Текст книги "Счастливая ошибка. Стихи и эссе о стихах"
Автор книги: Сергей Гандлевский
Жанр: Поэзия, Поэзия и Драматургия
Возрастные ограничения: +18
сообщить о неприемлемом содержимом
Текущая страница: 1 (всего у книги 7 страниц) [доступный отрывок для чтения: 2 страниц]
Сергей Гандлевский
Счастливая ошибка. Стихи и эссе о стихах
© С. Гандлевский, 2019
© ООО “Издательство АСТ”, 2019
Издательство CORPUS ®
* * *
Праздник
(1973 – 1994)
Стансы
Памяти матери
i
Говори. Что ты хочешь сказать? Не о том ли, как шла
Городскою рекою баржá по закатному следу,
Как две трети июня, до двадцать второго числа,
Встав на цыпочки, лето старательно тянется к свету,
Как дыхание липы сквозит в духоте площадей,
Как со всех четырех сторон света гремело в июле?
А что речи нужна позарез подоплека идей
И нешуточный повод – так это тебя обманули.
ii
Слышишь: гнилью арбузной пахнул овощной магазин,
За углом в подворотне грохочет порожняя тара,
Ветерок из предместий донес перекличку дрезин,
И архивной листвою покрылся асфальт тротуара.
Урони кубик Рубика наземь, не стоит труда,
Все расчеты насмарку, поешь на дожде винограда,
Сидя в тихом дворе, и воочью увидишь тогда,
Что приходит на память в горах и расщелинах ада.
iii
И иди, куда шел.
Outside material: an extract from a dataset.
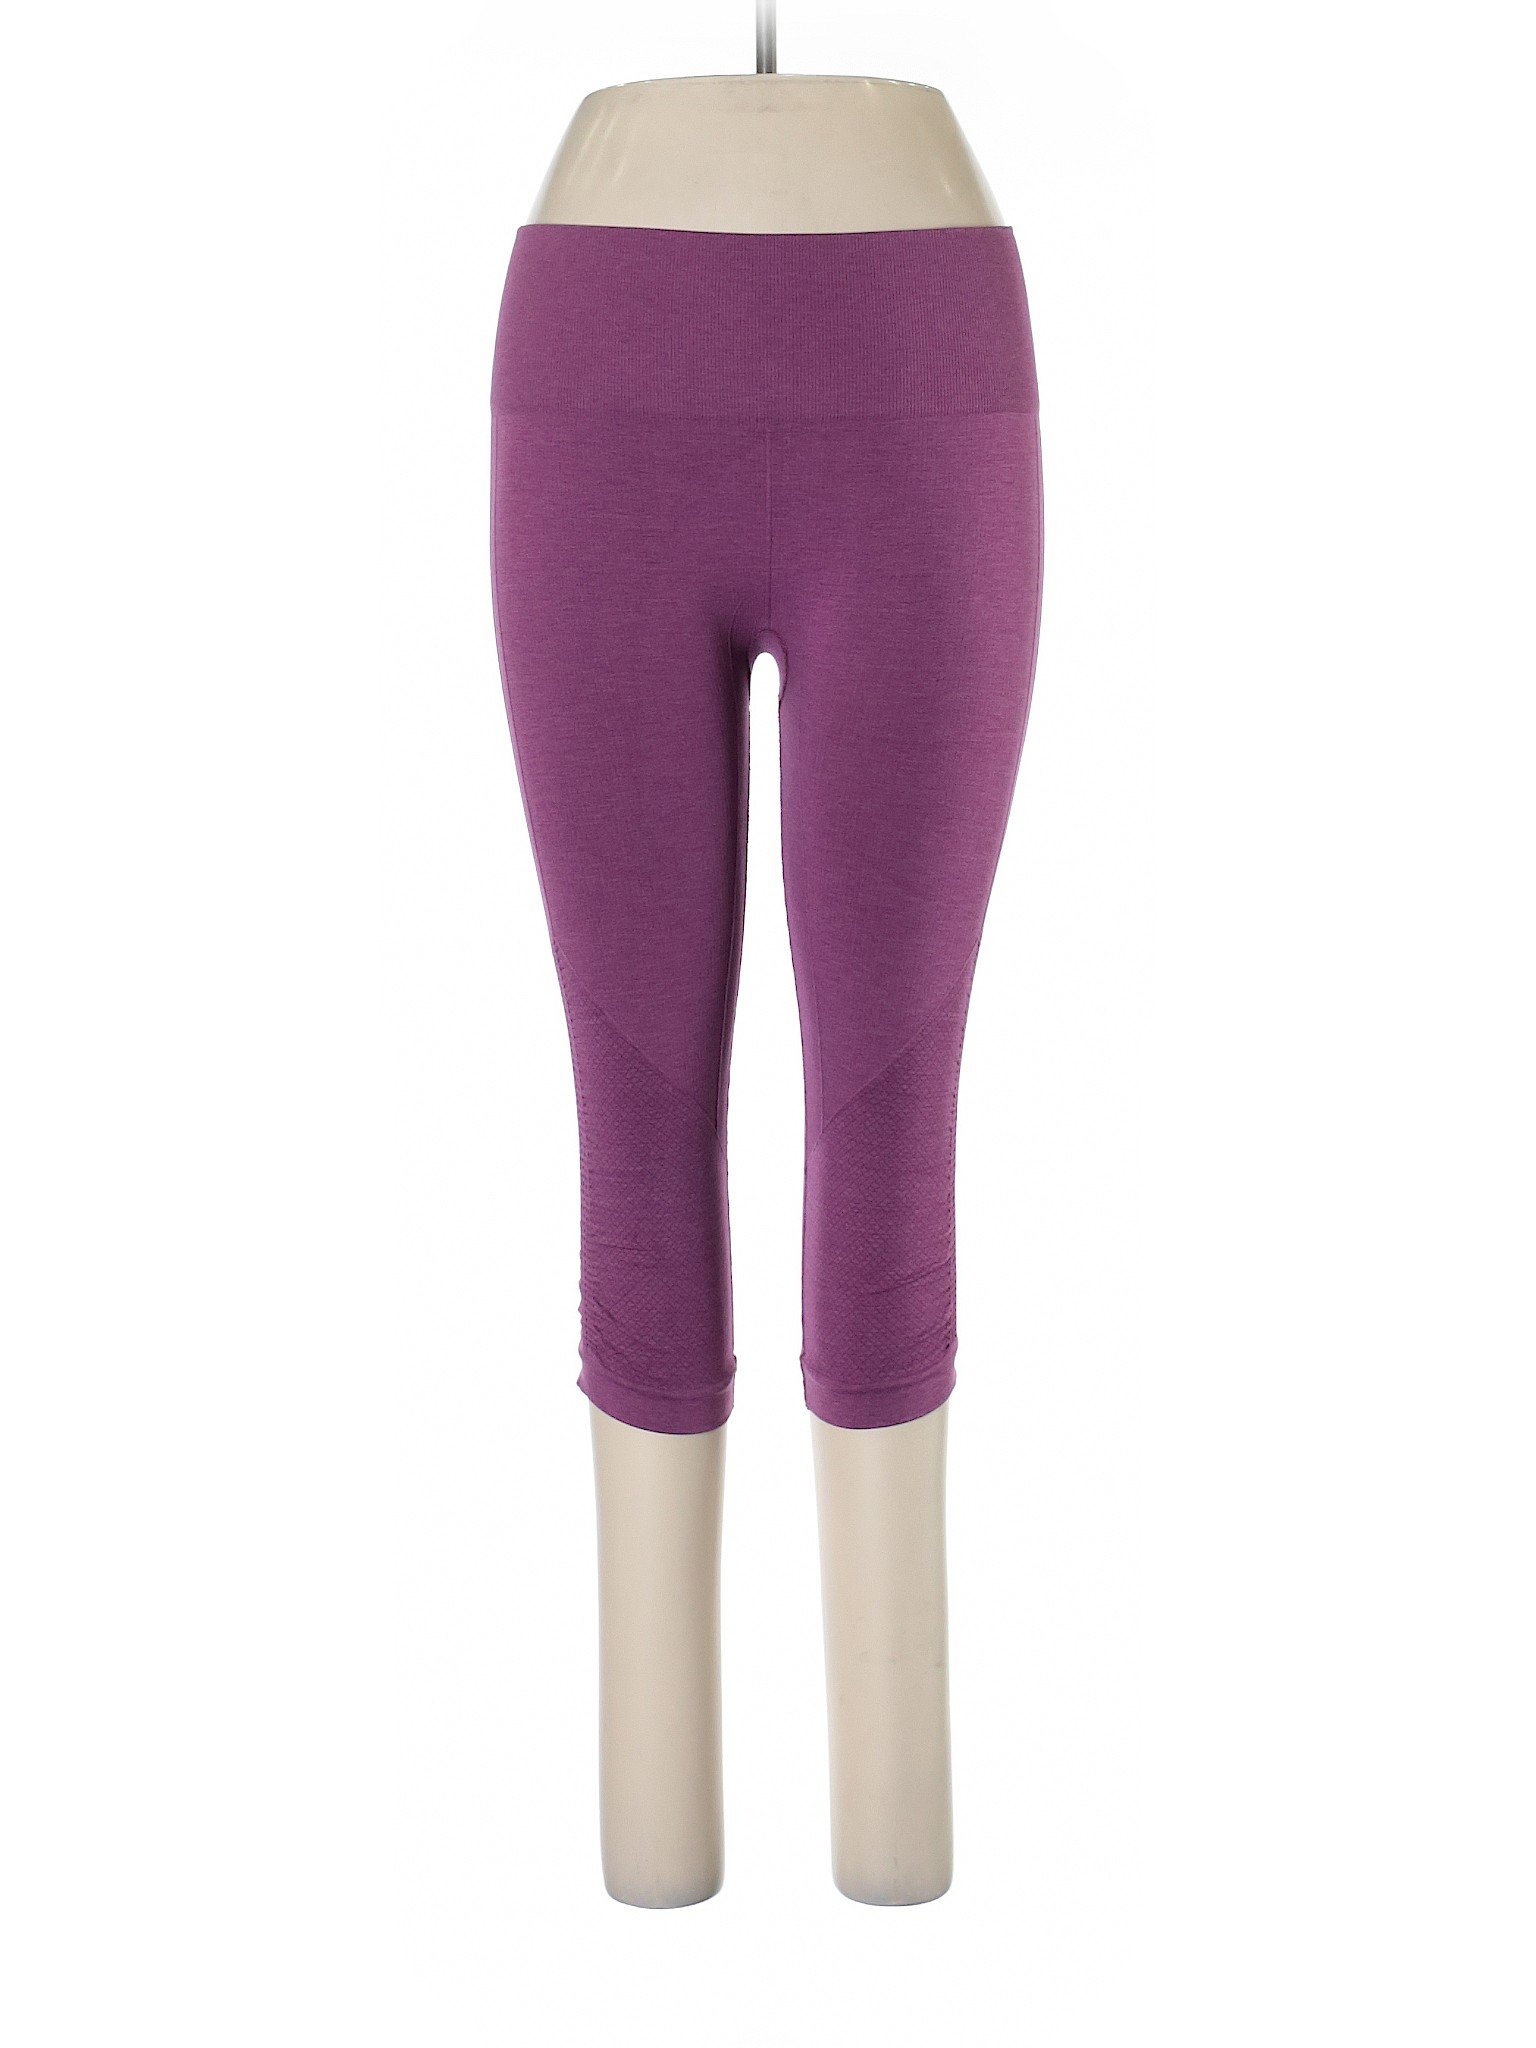 Lululemon Athletica Purple Active Pants Size 6 - 52% off

Но, как в бытность твою по ночам,
И особенно в дождь, будет голою веткой упрямо,
Осязая оконные стекла, программный анчар
Трогать раму, что мыла в согласии с азбукой мама.
И хоть уровень школьных познаний моих невысок,
Вижу как наяву: сверху вниз сквозь отверстие в колбе
С приснопамятным шелестом сыпался мелкий песок.
Немудрящий прибор, но какое раздолье для скорби!
iv
Об пол злостью, как тростью, ударь, шельмовства не тая,
Испитой шарлатан с неизменною шаткой треногой,
Чтоб прозрачная призрачная распустилась струя
И озоном запахло под жэковской кровлей убогой.
Локтевым электричеством мебель ужалит – и вновь
Говори, как под пыткой, вне школы и без манифеста,
Раз тебе, недобитку, внушают такую любовь
Это гиблое время и Богом забытое место.
v
В это время вдовец Айзенштадт, сорока семи лет,
Колобродит по кухне и негде достать пипольфена.
Есть ли смысл веселиться, приятель, я думаю, нет,
Даже если он в траурных черных трусах до колена.
В этом месте, веселье которого есть питие,
За порожнею тарой видавшие виды ребята
За Серегу Есенина или Андрюху Шенье
По традиции пропили очередную зарплату.
vi
После смерти я выйду за город, который люблю,
И, подняв к небу морду, рога запрокинув на плечи,
Одержимый печалью, в осенний простор протрублю
То, на что не хватило мне слов человеческой речи.
Как баржа уплывала за поздним закатным лучом,
Как скворчало железное время на левом запястье,
Как заветную дверь отпирали английским ключом…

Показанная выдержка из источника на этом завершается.